Ответом ему было мертвое молчание. Глаза аббата превратились в блестящие щелки. Чернозуб моргнул и отвел взгляд в сторону. Какое-то насекомое с жужжанием влетело в комнату, описало два круга и приземлилось на шею Джарада; пробежавшись по ней, оно вспорхнуло и с жужжанием вылетело в то же окно.
Из-за приоткрытой двери соседней комнаты доносились приглушенные голоса новичков или послушников, повторявших затверженные ими куски Меморабилии, но тишина от этого не нарушалась.

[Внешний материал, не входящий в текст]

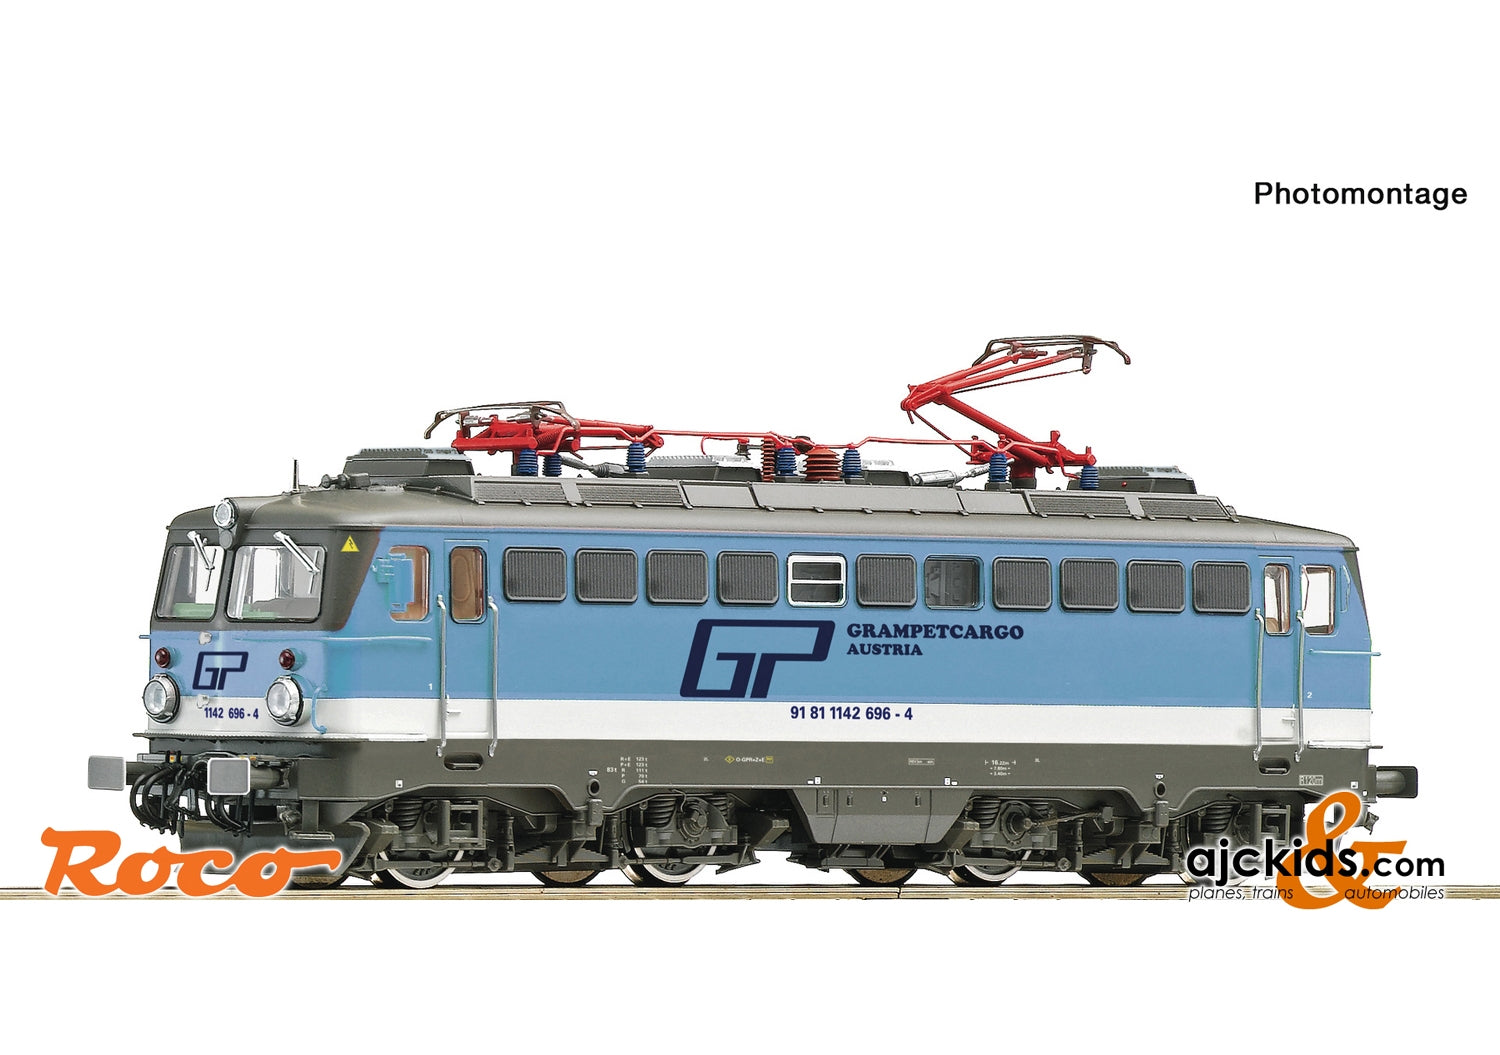 Roco 79479 - Electric locomotive 1142 696-4

«… И завихрения магнитного поля, оцениваемые в ходе времени, интенсифицируют вектор плотности потока электричества в сочетании с уже существующим вектором плотности. Но третий закон утверждает, что отклонение вектора плотности потока электричества приводит…» – голос был тихим, мягким, почти женским и тараторил с такой скоростью, словно монах перебирал четки, размышляя над одним из Таинств. Голос был знакомым, но Чернозуб не мог определить его владельца.

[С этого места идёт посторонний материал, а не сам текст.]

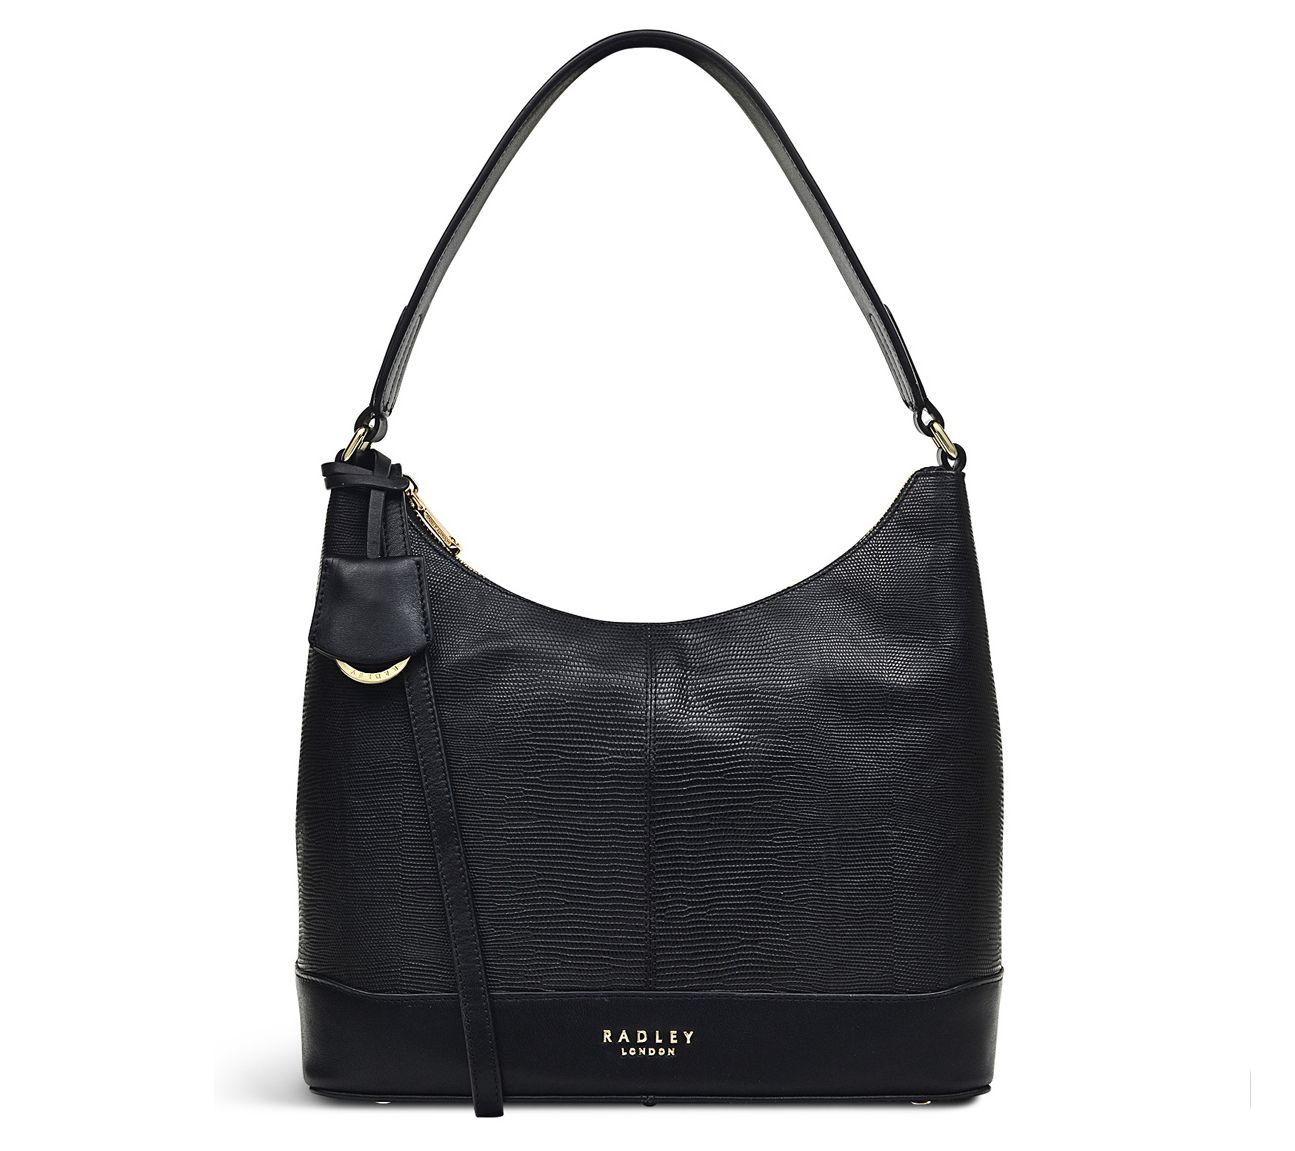 Buy the Radley London Shoulder Bag Black

Наконец преосвященный Джарад вздохнул и заговорил:
– Нет, брат Чернозуб, ты не можешь снять с себя обеты. Тебе тридцать лет, но что ты представляешь из себя за стенами обители? Четырнадцатилетнего беглеца, не знающего, куда направить стопы. Фу! Да любой простак скрутит тебе шею, как цыпленку. Твои родители скончались, не так ли? И земля, которую они возделывали, им не принадлежала. Так?
– Как я могу получить свободу, отче аббат?
– Упрямец, какой упрямец. Что ты имеешь против Боэдуллуса?
– Ну, с одной стороны, он презрительно относится ко всем Кочевникам…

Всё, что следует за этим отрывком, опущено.